→ **Task brief**:
With pictures removed, the data below should be returned exactly.

→ **Material provided**:
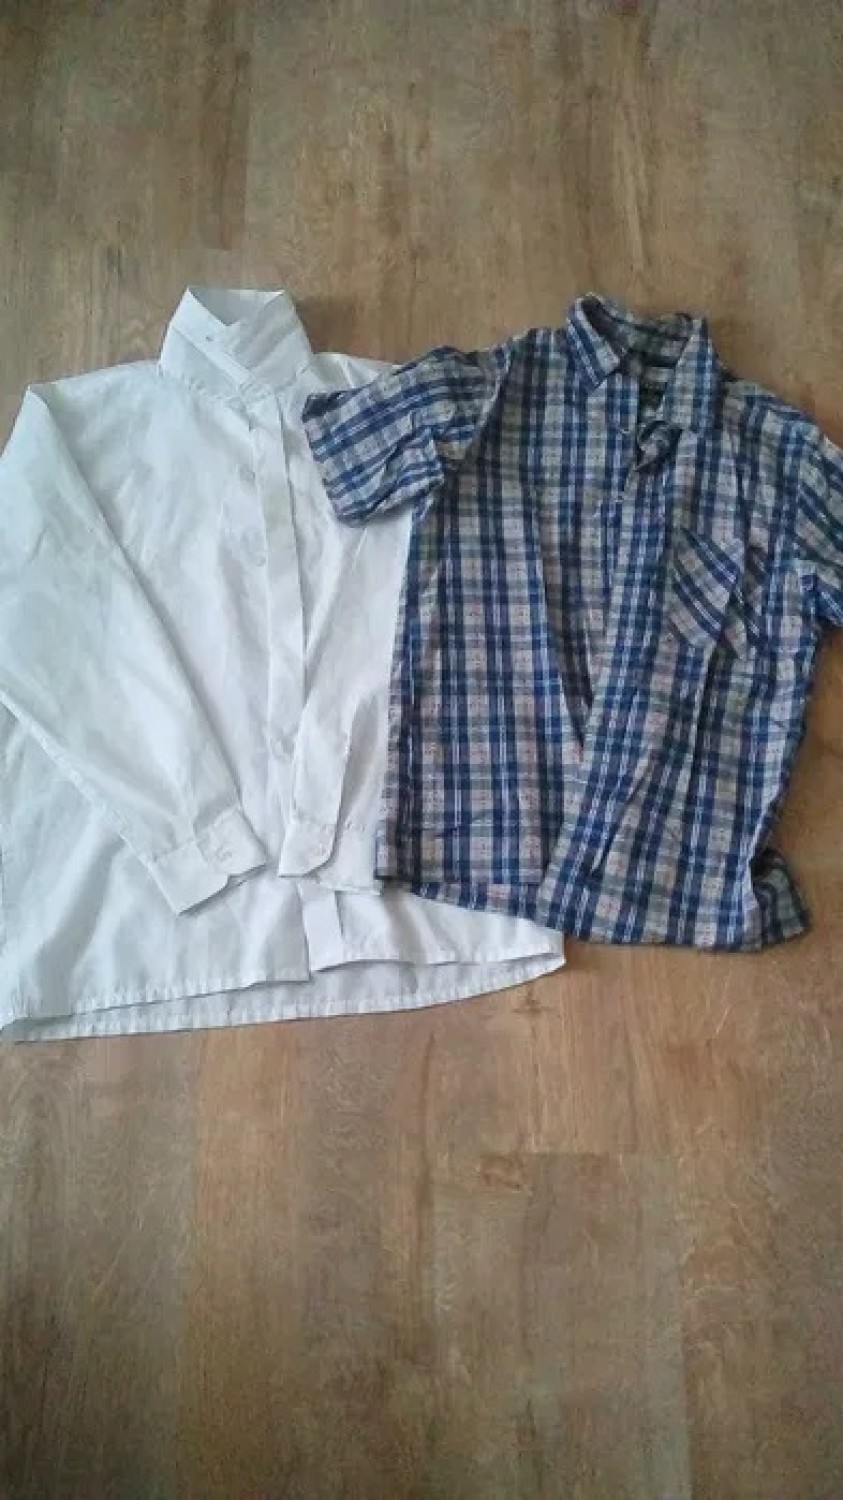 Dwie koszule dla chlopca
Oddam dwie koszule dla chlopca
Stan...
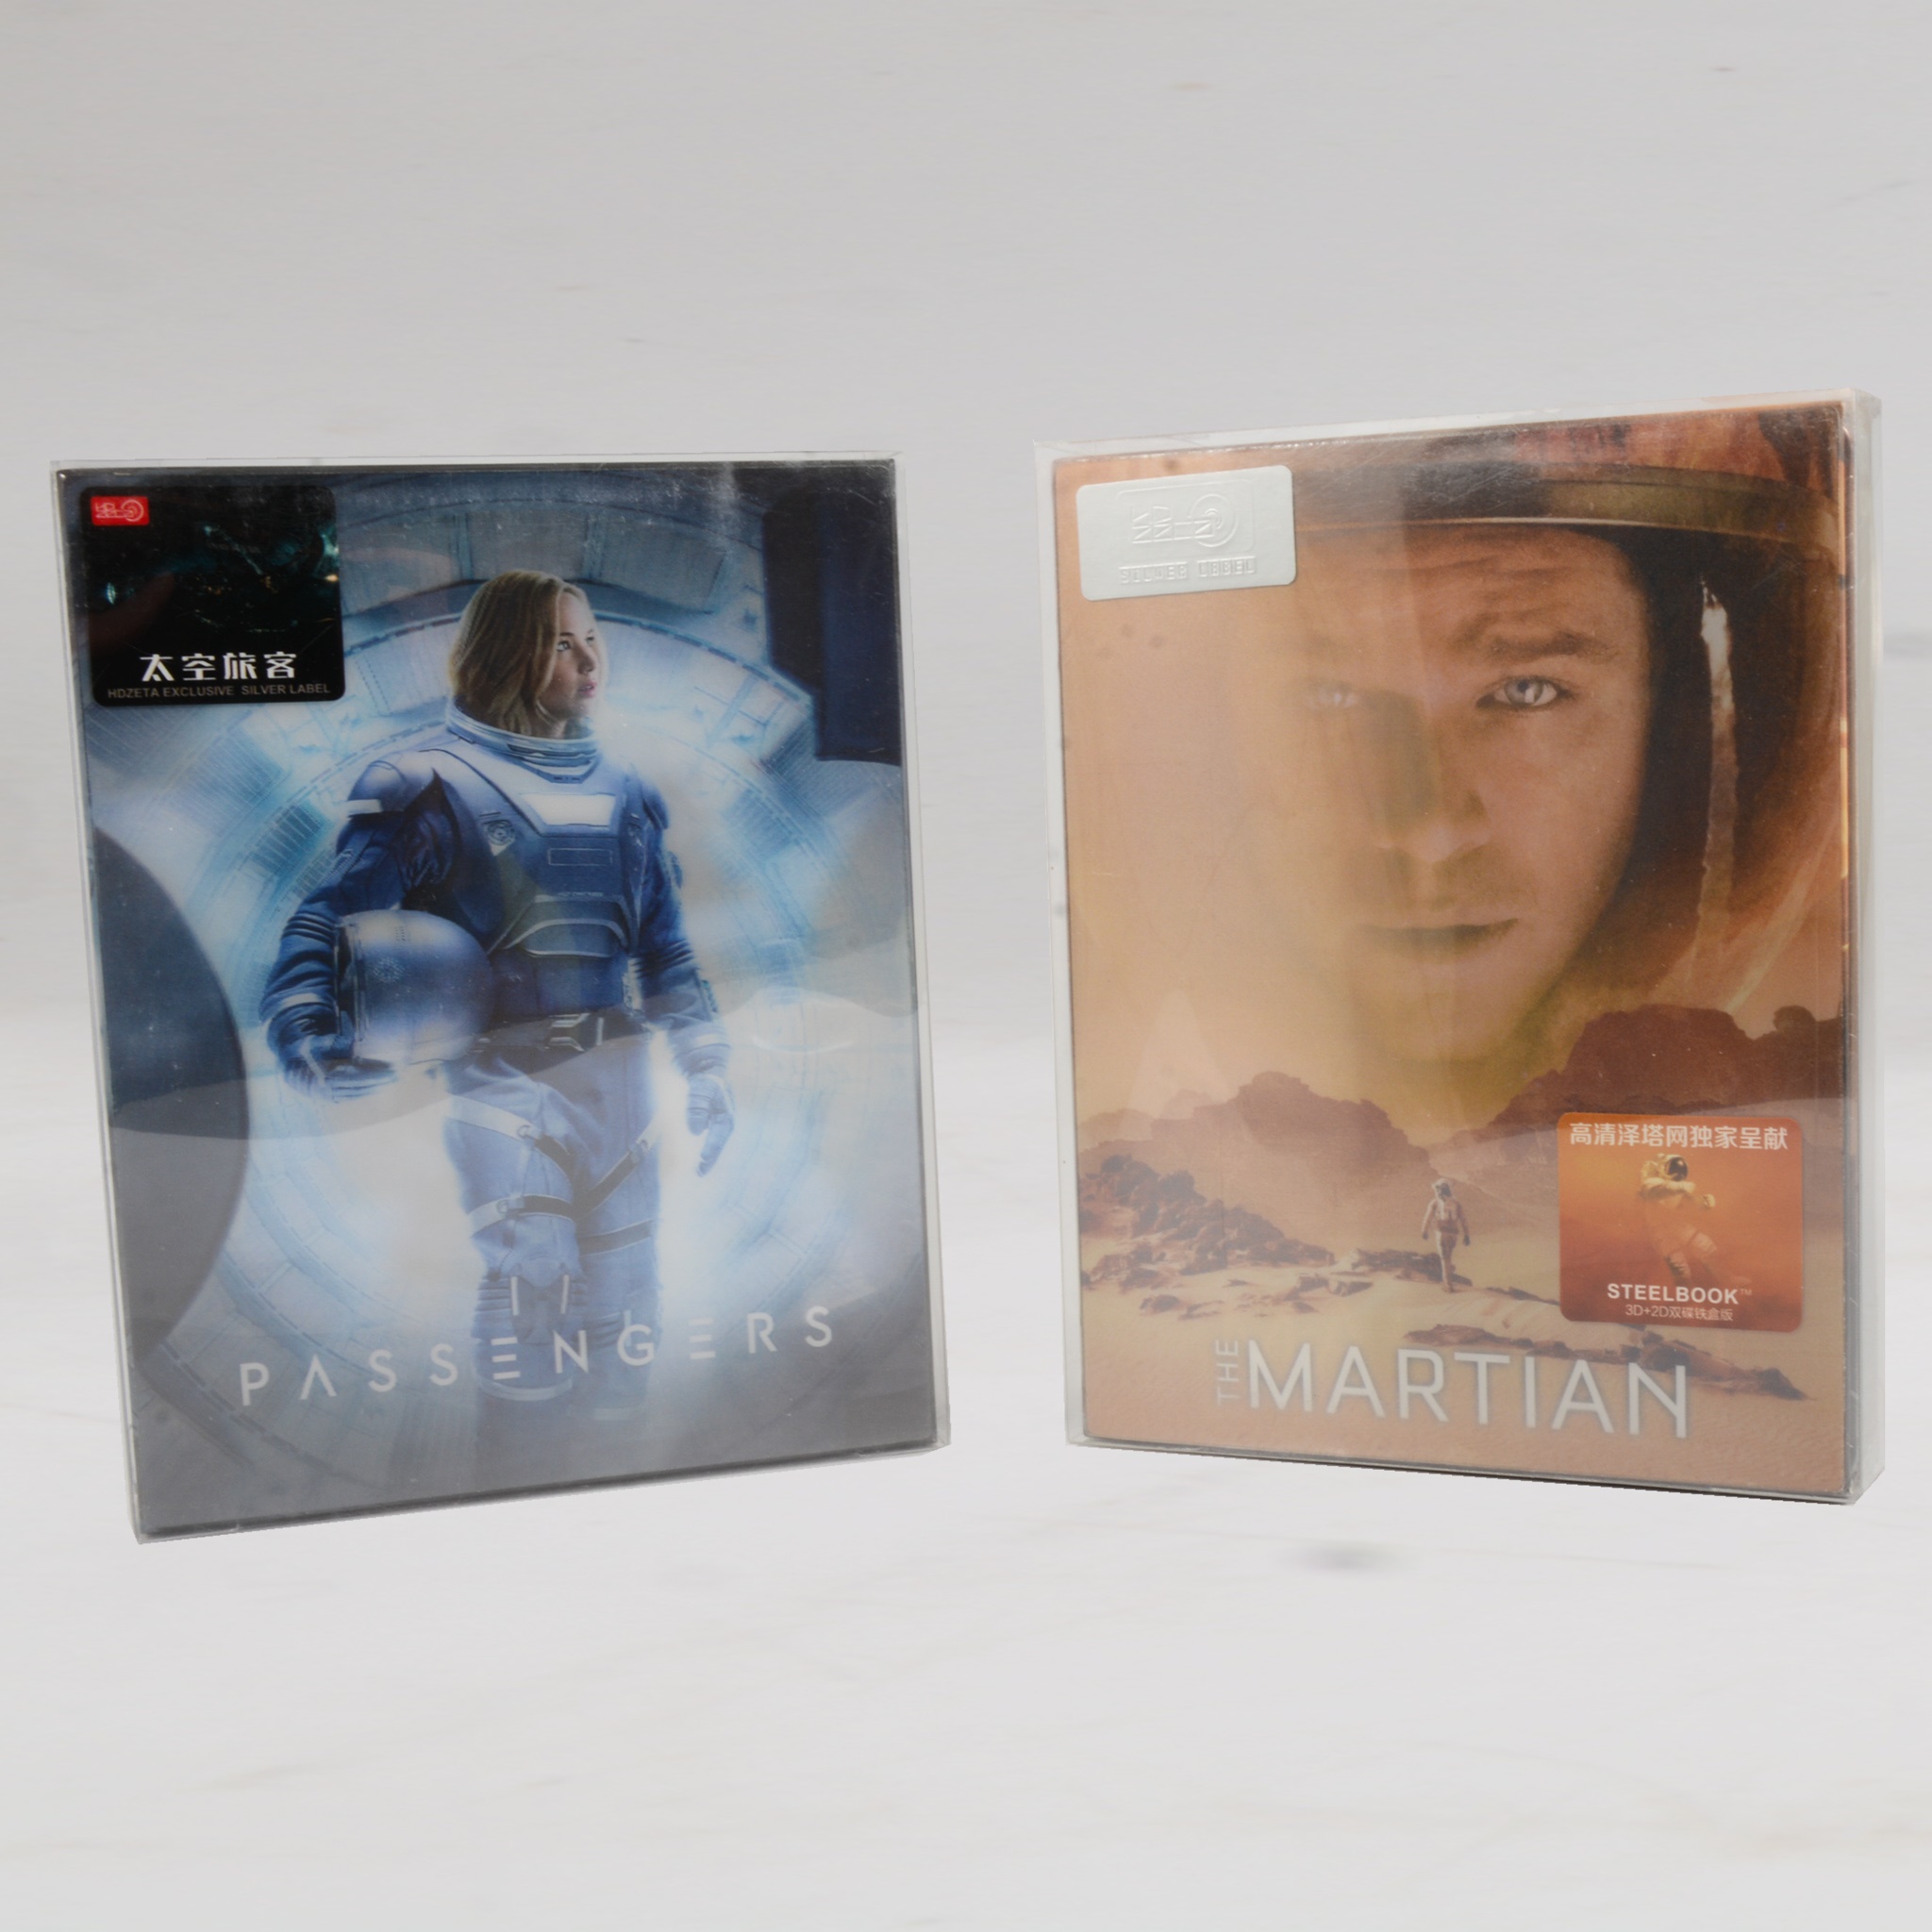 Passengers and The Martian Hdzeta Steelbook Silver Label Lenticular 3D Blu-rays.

→ **Written response**:
 Dwie koszule dla chlopca
Oddam dwie koszule dla chlopca
Stan...
 Passengers and The Martian Hdzeta Steelbook Silver Label Lenticular 3D Blu-rays.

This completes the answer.